The new £50 note, to be released within the next five years, will feature a British scientist and the public has a say as to who this will be. The Bank of England is asking for nominations from the public, of British scientists who have contributed to the field of science and shaped thought, innovation, leadership or values in the UK. They must be dead and they must be real, but most importantly, they must have inspired people rather than divided them. Over the next month, the public will send in nominations of figures who they think fit these criteria before a shortlist is drawn up by a committee who will ultimately decide who the note will portray.
The frontrunners of the nominations so far include Professor Stephen Hawking – one of the most renowned scientists of the twenty-first century, known for his groundbreaking work in theoretical physics, and an undoubtedly popular candidate. Other options include Alan Turing and Fred Sanger. There are also some strong female contenders, notably Ada Lovelace, English mathematician and writer, often considered to be the ‘grandmother of computing,’ and credited with publishing the world’s first computer program. Dorthy Hodgkin, Rosalind Franklin and Mary Anning are also among those suggested.
Each of these possible candidates is an imperative figure in British society, each having shaped the world of science irrevocably. However, one of the biggest concerns regarding this decision is whether it should be a male or female scientist displayed on the note. Of the four bank notes currently in circulation in Britain, only one portrays a female (Jane Austen on the £10 note), suggesting that perhaps the presence of a woman on the note could contribute to equalising gender representation in society. However, it could also be argued that gender should not be considered in this decision – the chosen figure should be selected on the basis of their achievements in the scientific field and nothing else.
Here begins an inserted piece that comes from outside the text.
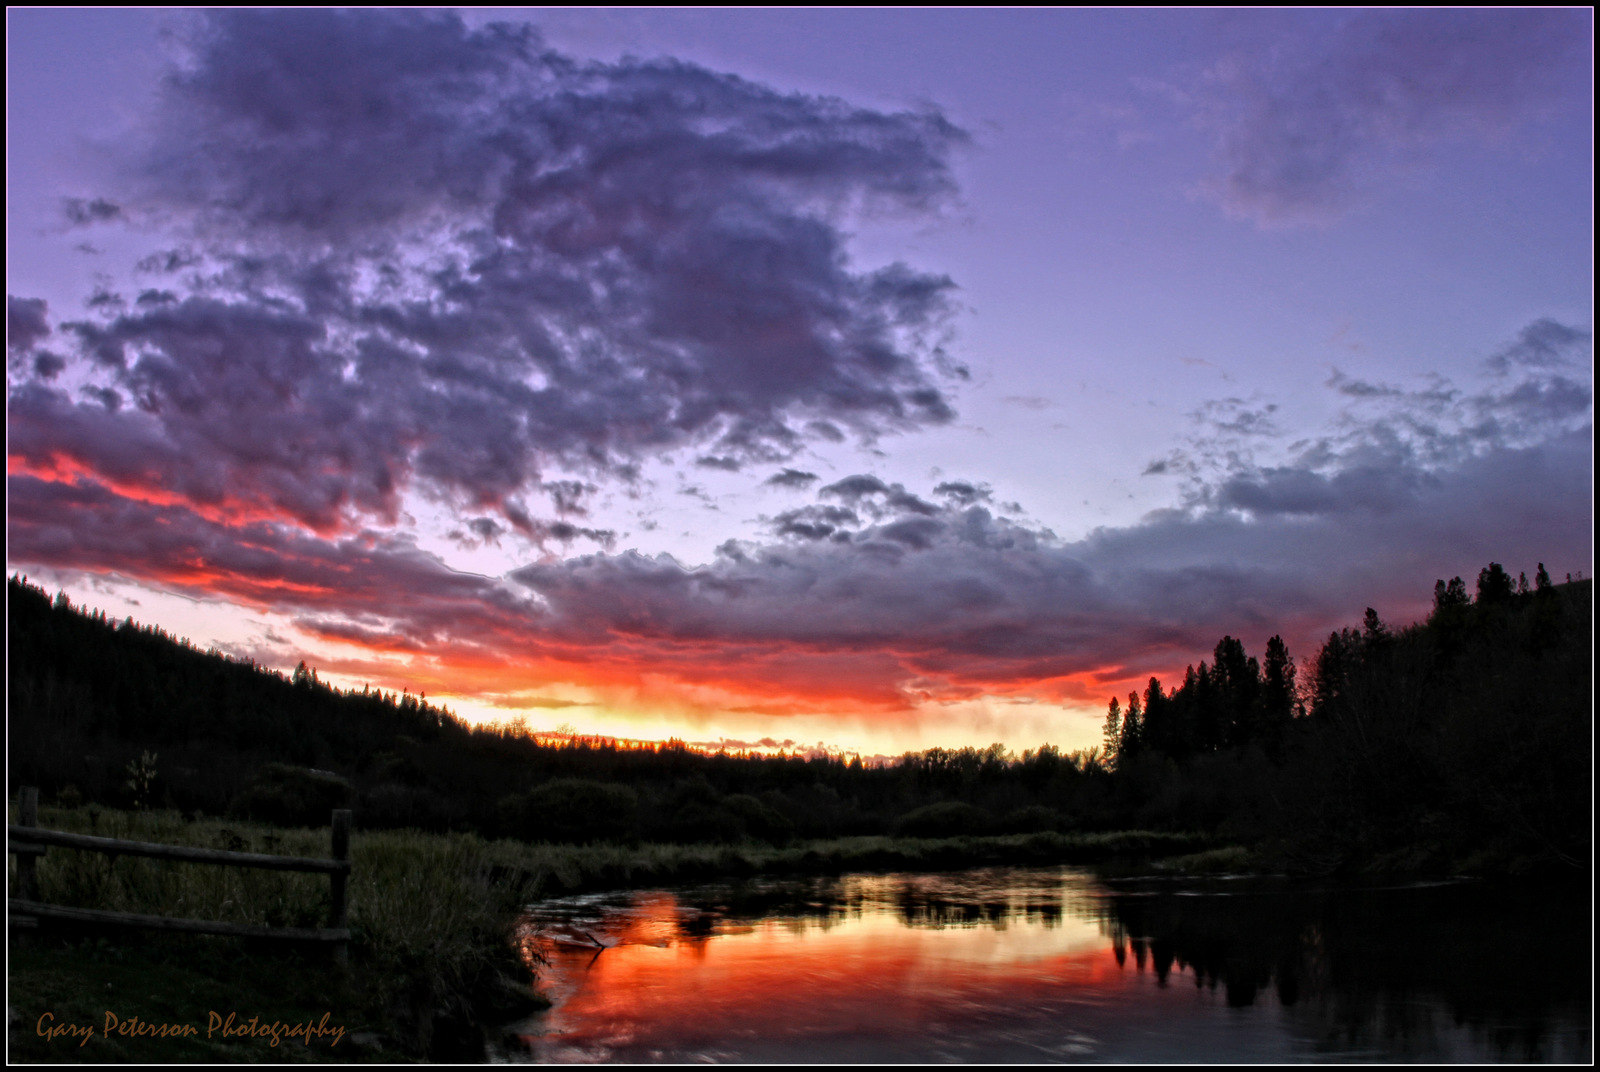 021-19-1-Sunset  1.jpg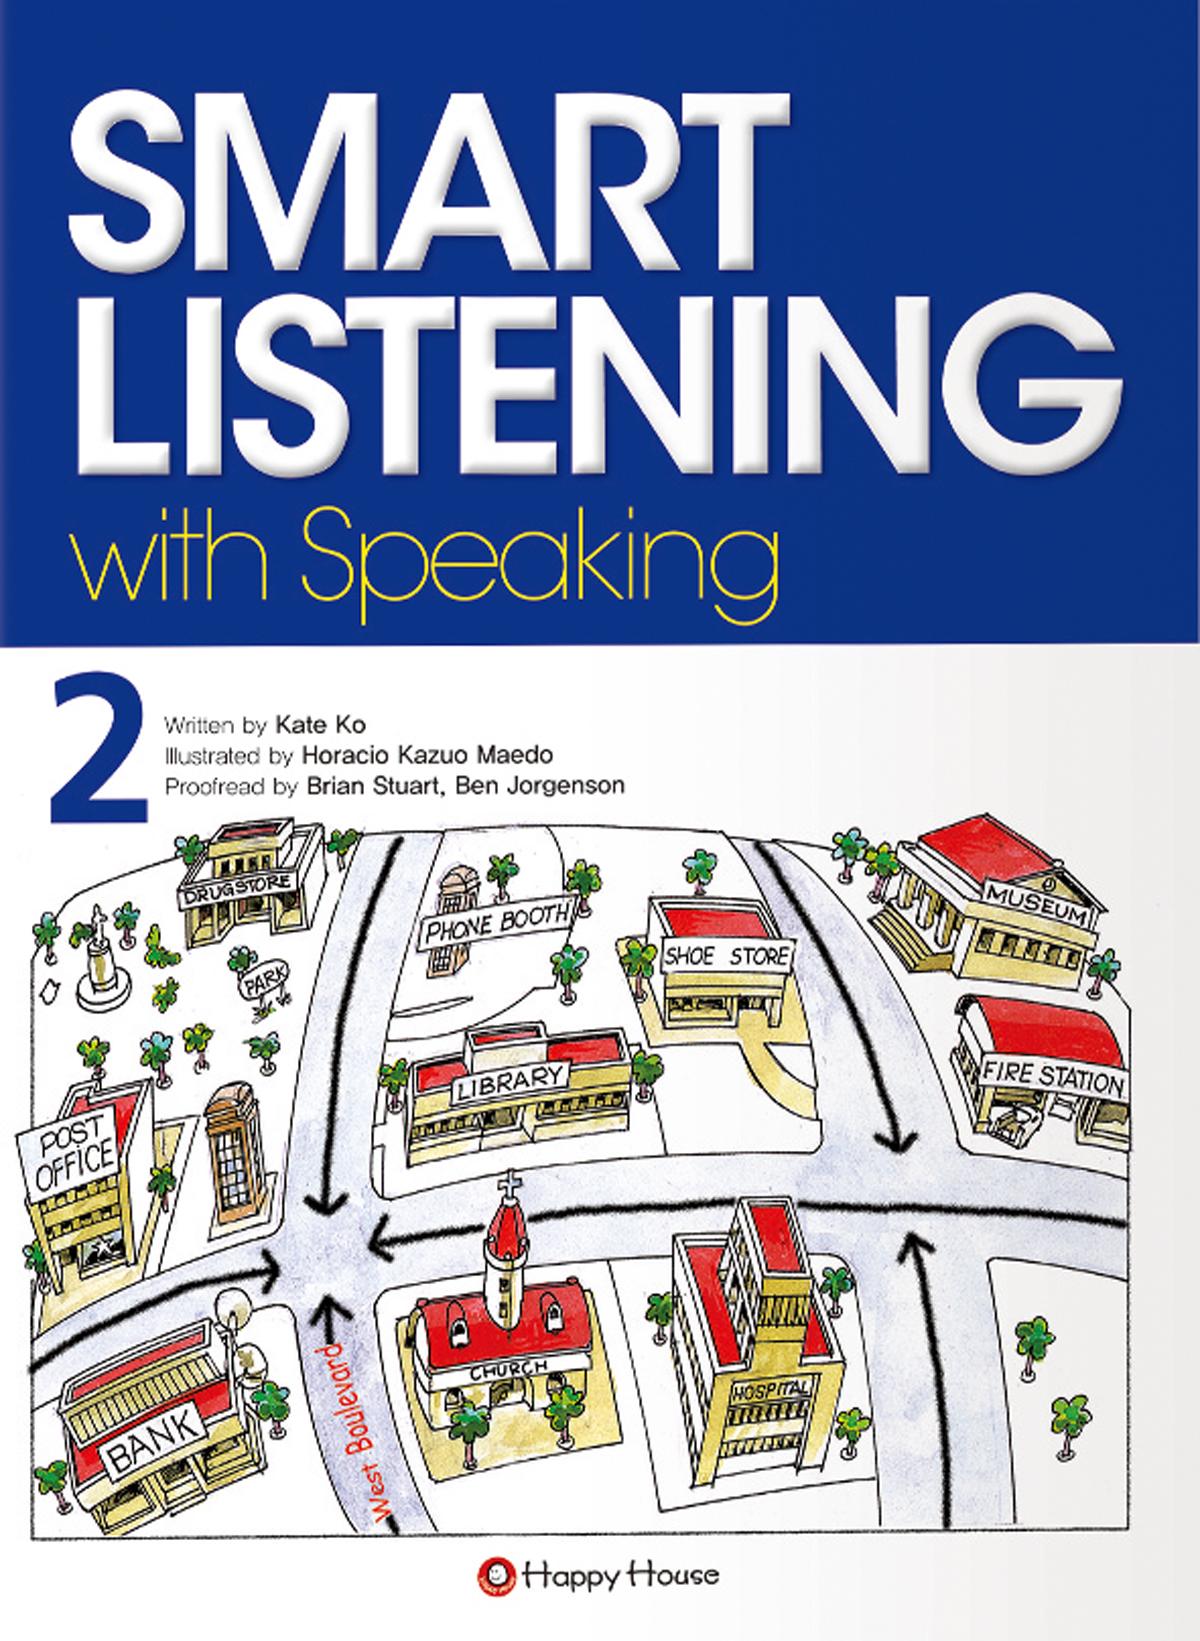 SMART LISTENING with Speaking ② (개정판)

Nominations for the figure portrayed on the £50 note will close on 14 December, giving the public just several weeks to decide who they want to see on the £50 note. My support will be lying with a female scientist; I see this as an opportunity to remember the women whose invaluable contributions to science were forgotten by their own generation as a result of their sex. For so long, women have been made invisible in countless spheres of society and the presence of an influential woman on the British £50 note could aid us in moving away from this inequality and finally give female scientists the recognition they deserve.